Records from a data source
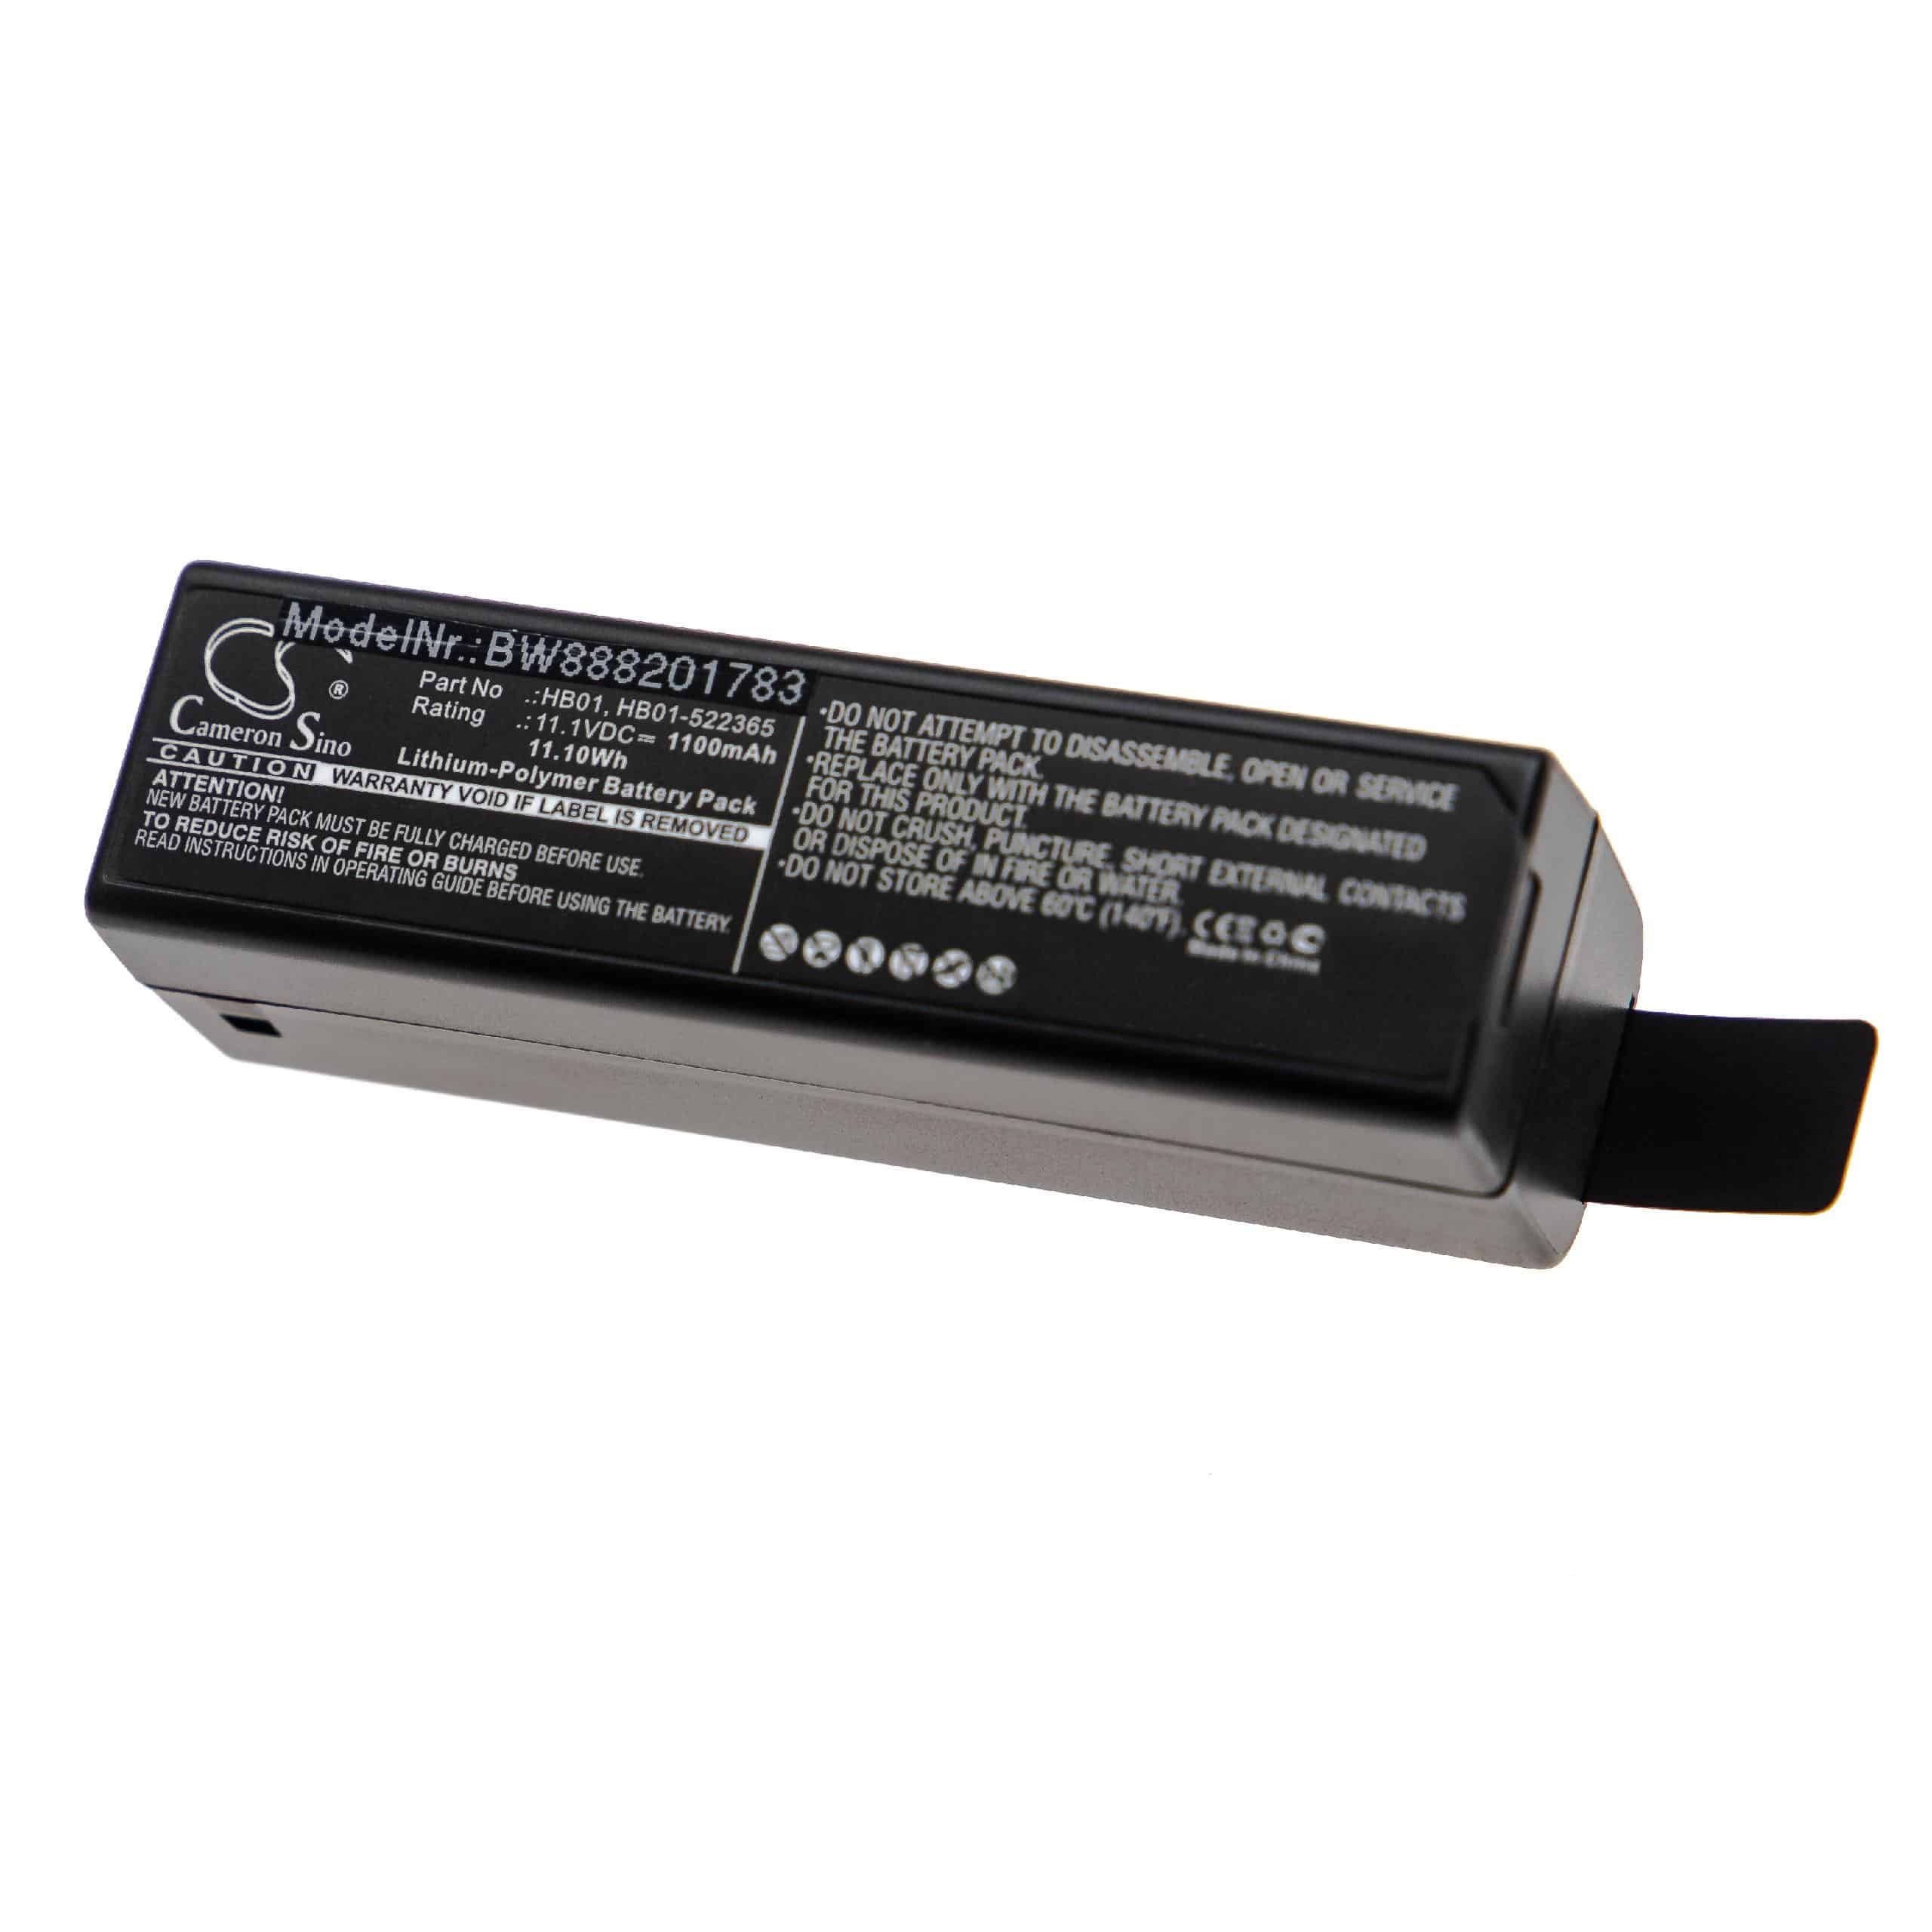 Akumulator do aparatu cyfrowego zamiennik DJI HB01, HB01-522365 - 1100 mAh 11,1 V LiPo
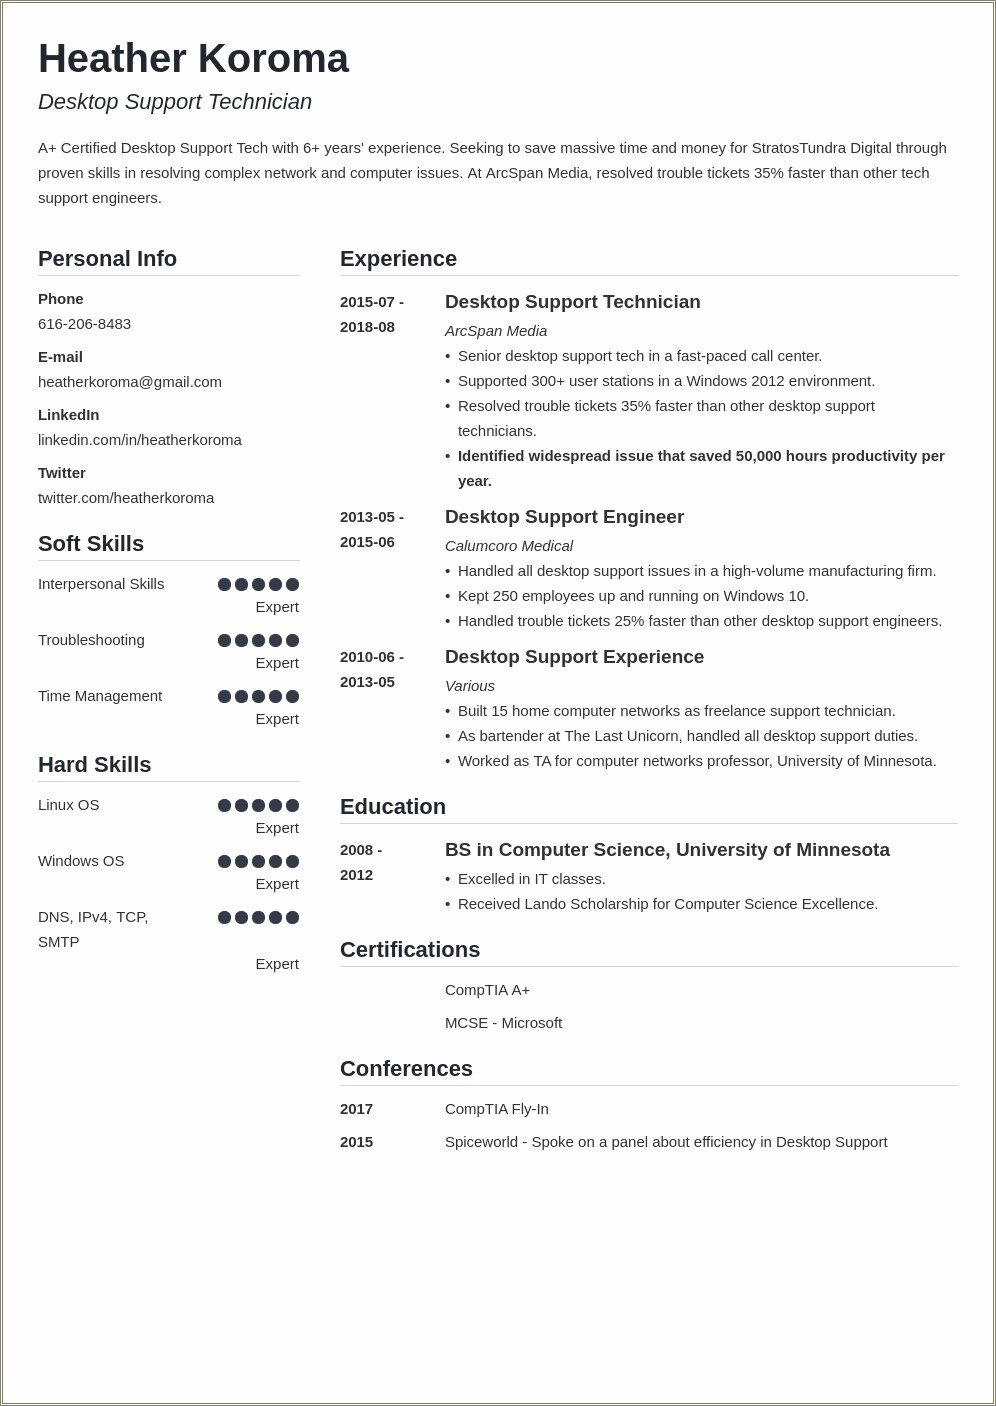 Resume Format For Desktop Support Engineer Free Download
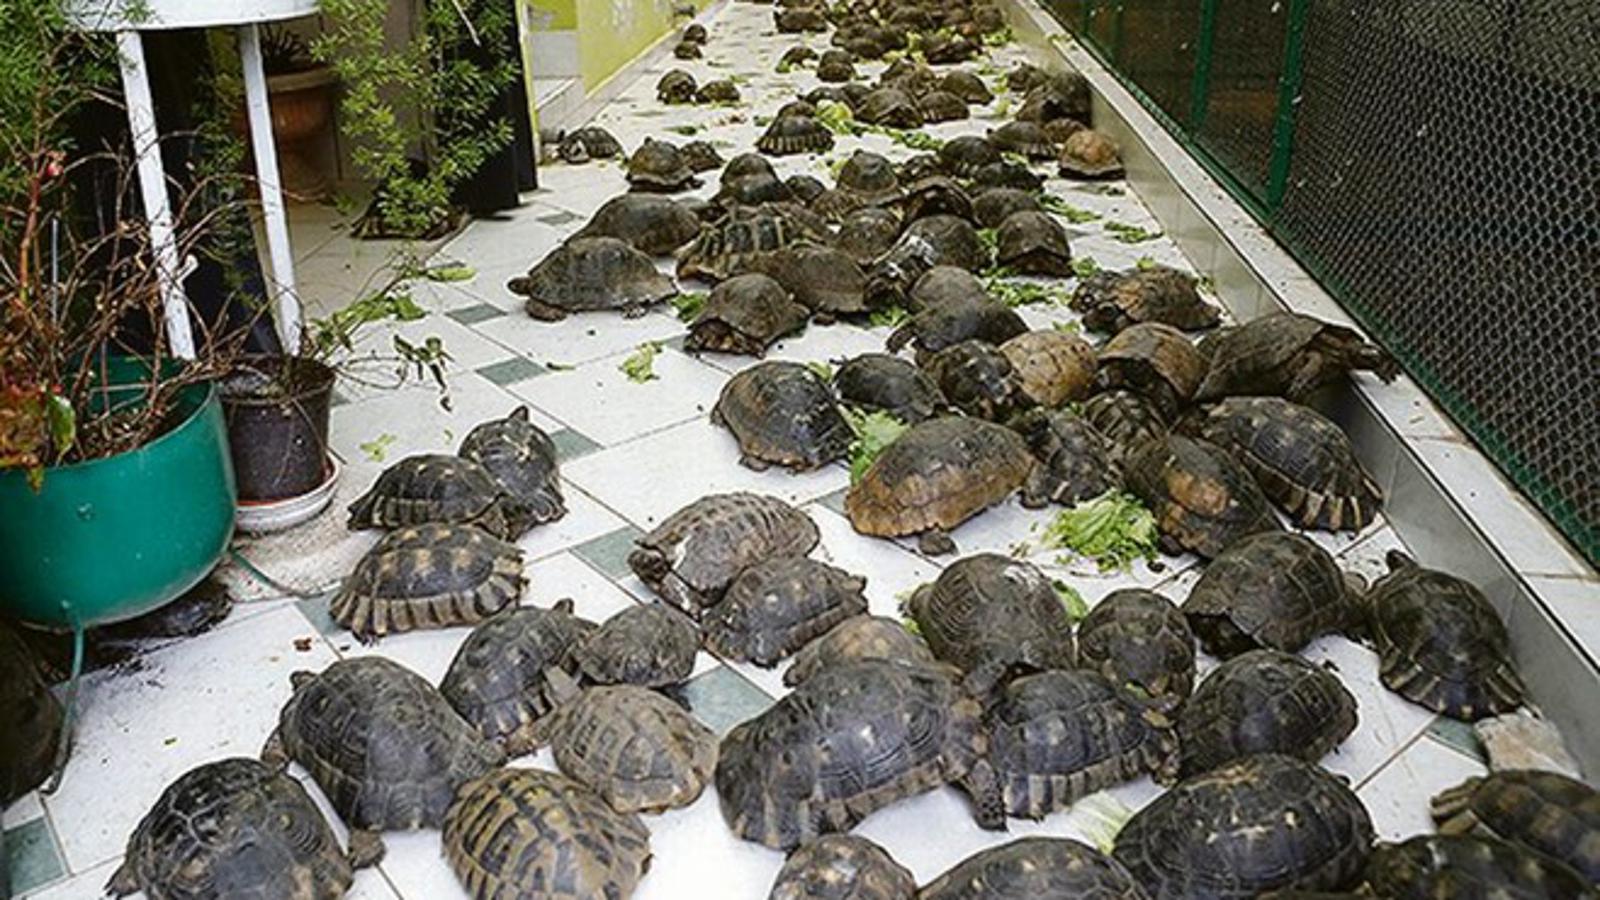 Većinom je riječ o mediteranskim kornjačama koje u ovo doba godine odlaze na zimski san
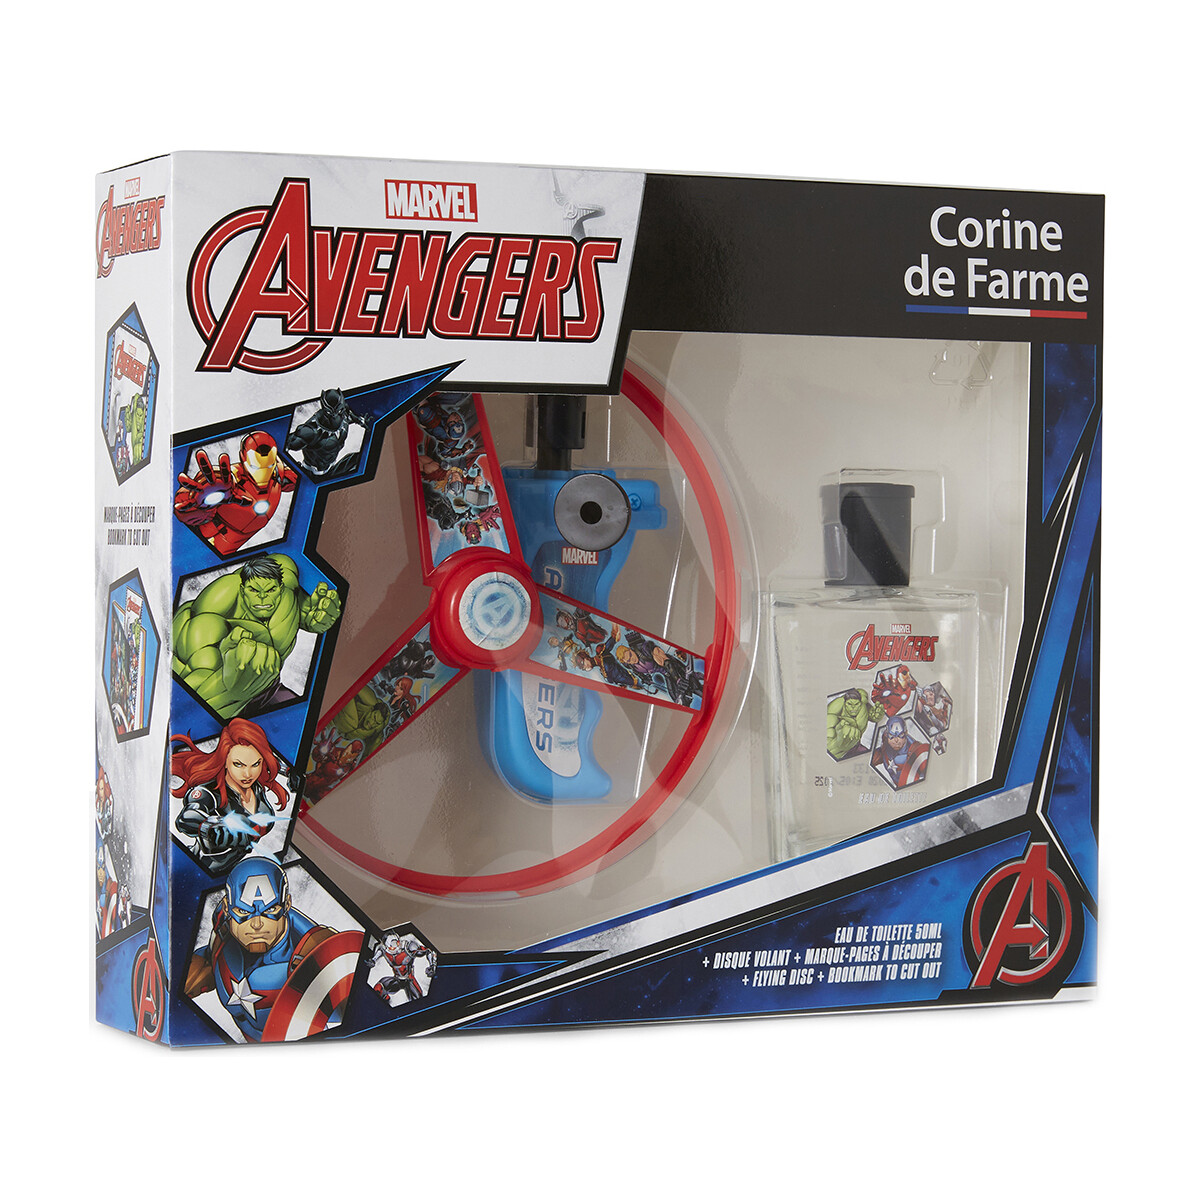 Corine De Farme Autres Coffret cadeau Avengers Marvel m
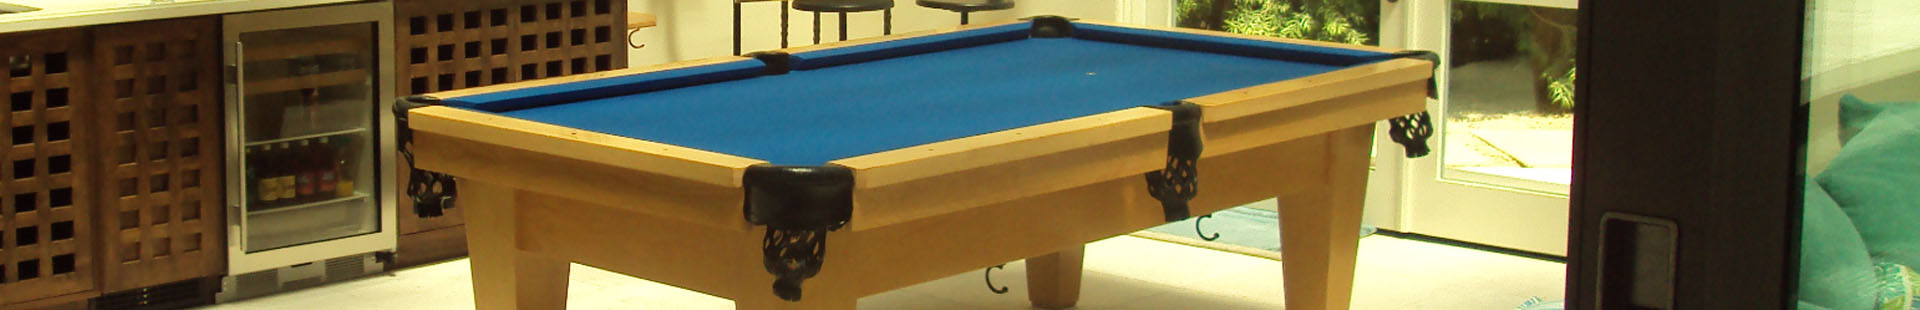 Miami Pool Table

EXERCISE DIRECTIONS:
From the line containing "Resume Format For" to the final line of the entries, both included, transcribe every line exactly, omit the pictures, and add nothing more.

ANSWER FOR THE TASK:
 Resume Format For Desktop Support Engineer Free Download
 Većinom je riječ o mediteranskim kornjačama koje u ovo doba godine odlaze na zimski san
 Corine De Farme Autres Coffret cadeau Avengers Marvel m
 Miami Pool Table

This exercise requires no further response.